**COLLECTED MATERIAL**
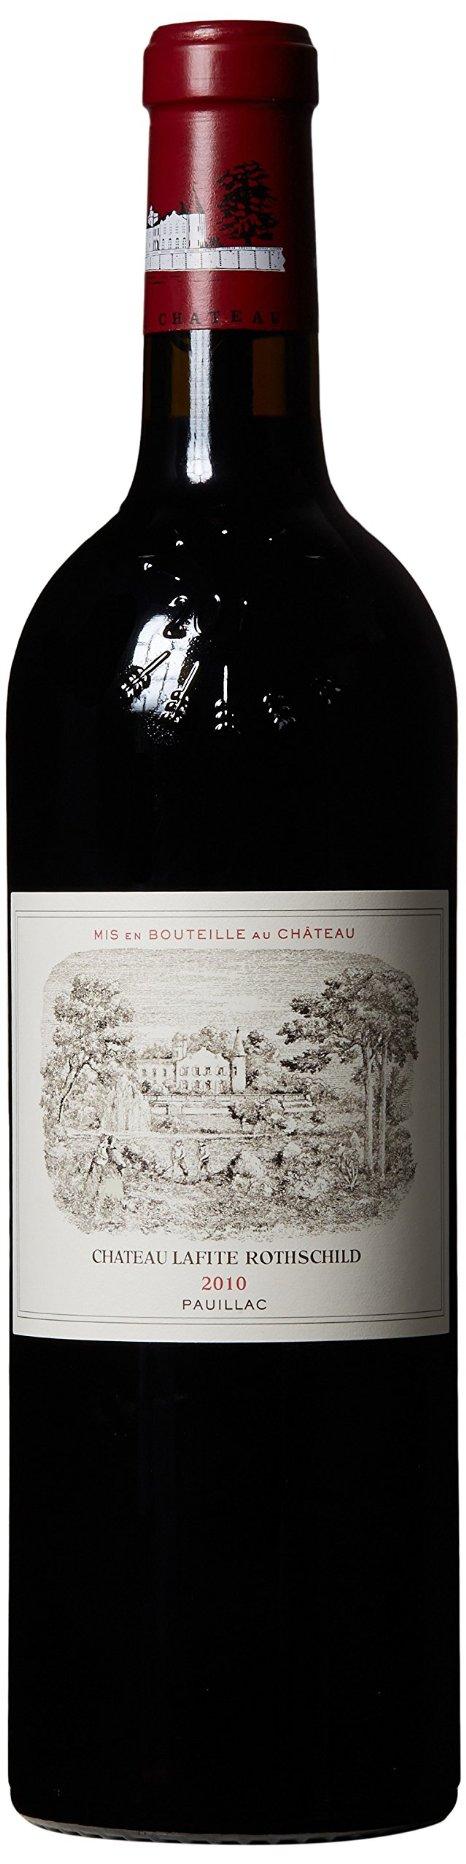 1_Ch%C3%89teau-Lafite-Rothschild-20102.p
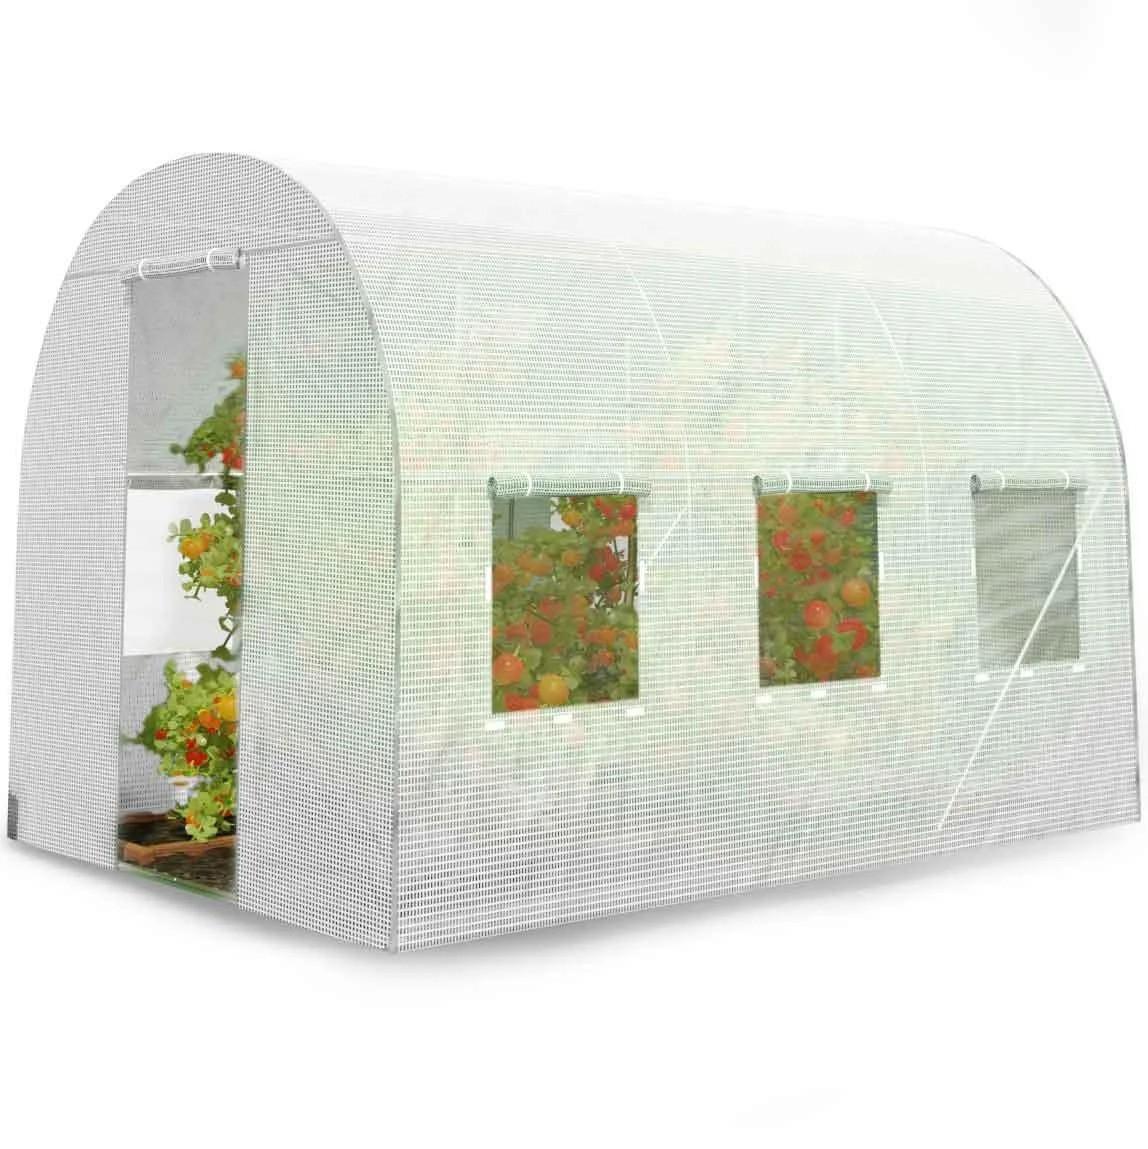 Теплиця парник з вікнами 6 м² 3 х 2 х 2 м для дачі, городу
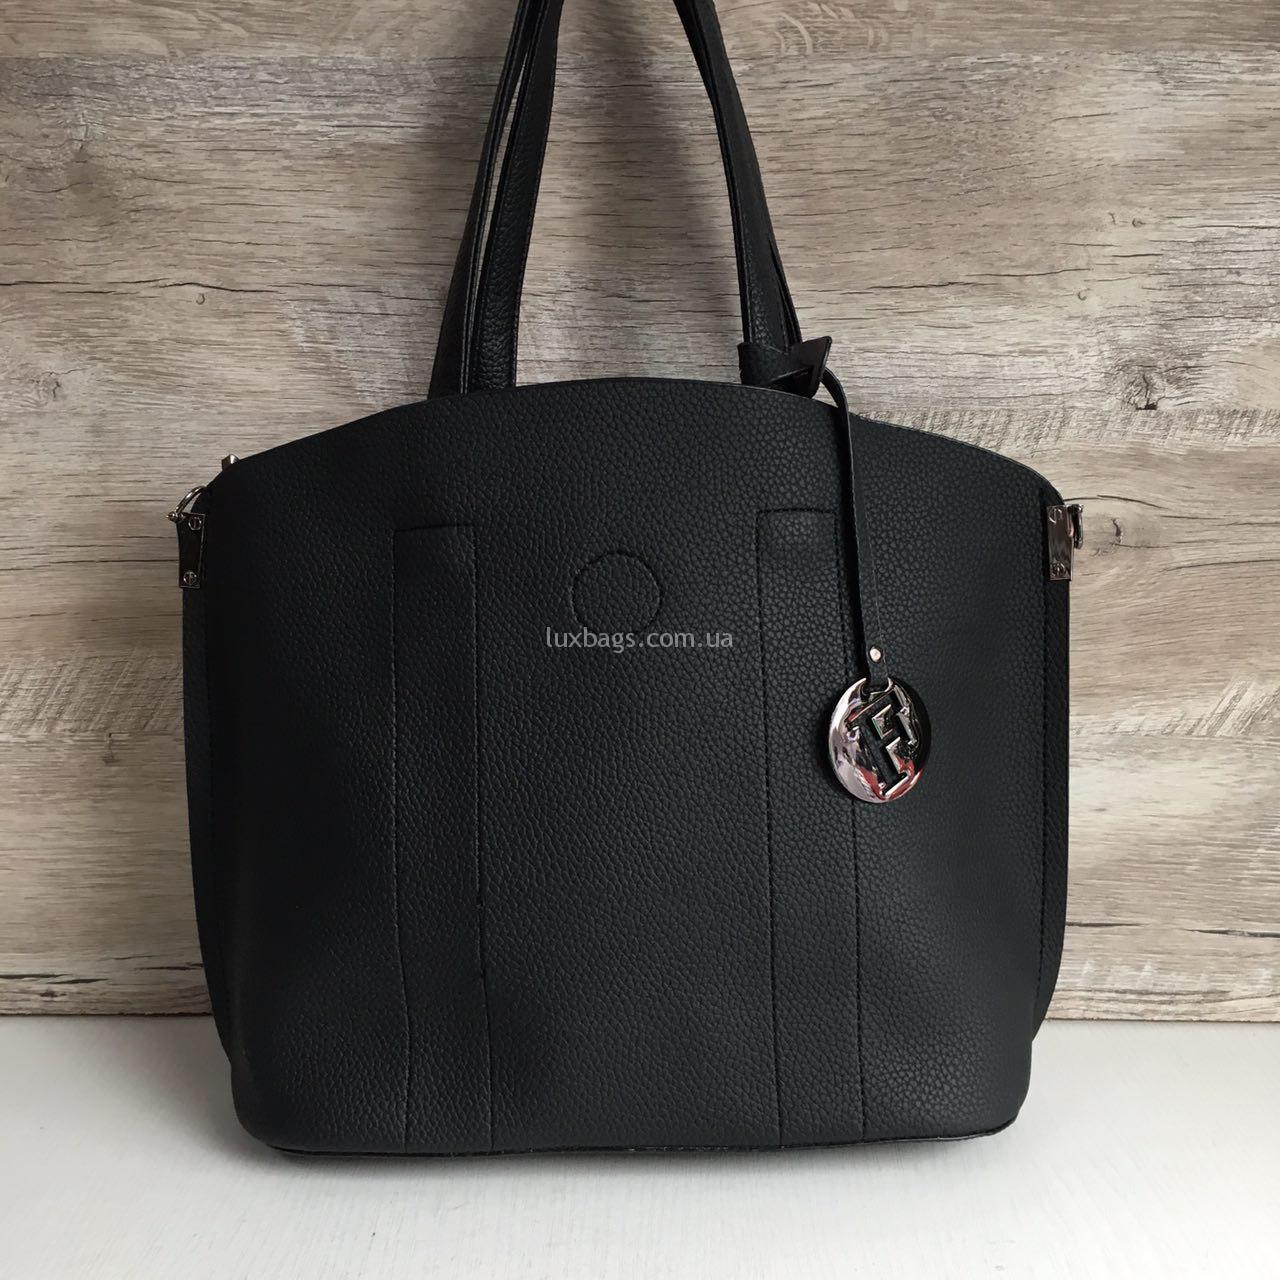 6fd397610 черная женская сумка купить в интернет магазине
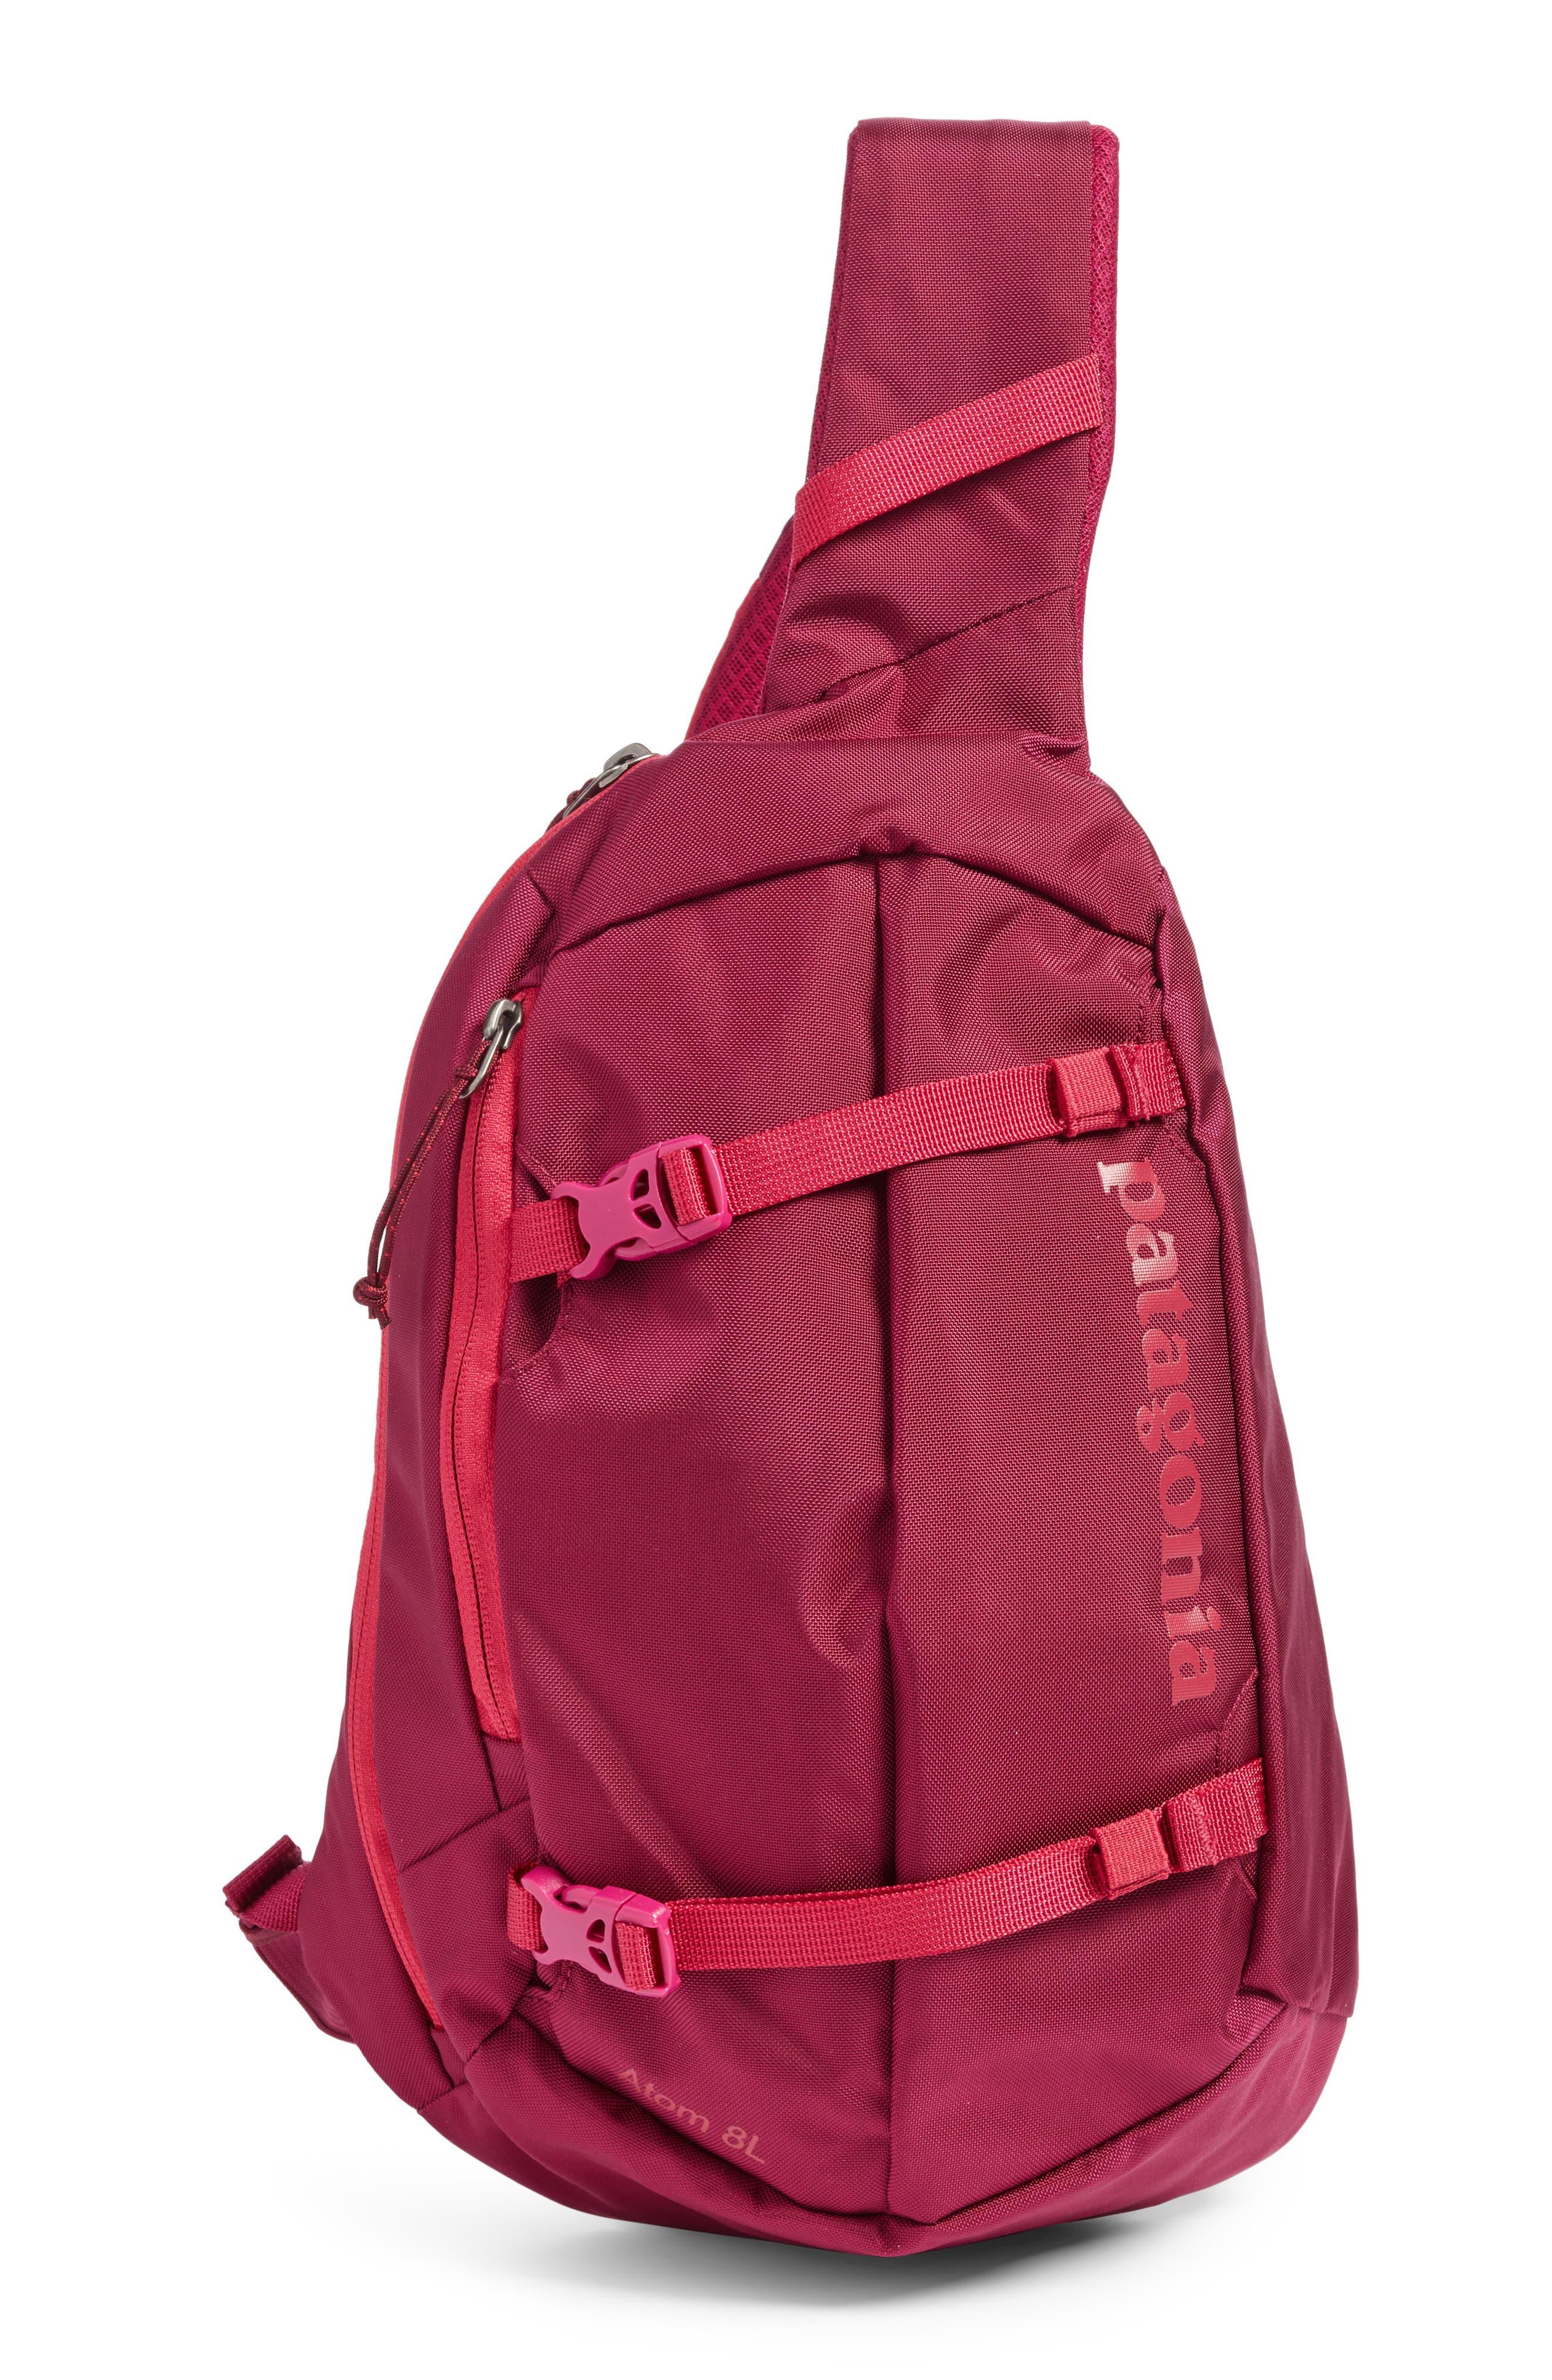 Atom 8L Sling Backpack,                         Main,                         color, Magenta

**EXERCISE**
The full listing, transcribed exactly and without its pictures, is the expected result.

**ANSWER SECTION**
 1_Ch%C3%89teau-Lafite-Rothschild-20102.p
 Теплиця парник з вікнами 6 м² 3 х 2 х 2 м для дачі, городу
 6fd397610 черная женская сумка купить в интернет магазине
 Atom 8L Sling Backpack,                         Main,                         color, Magenta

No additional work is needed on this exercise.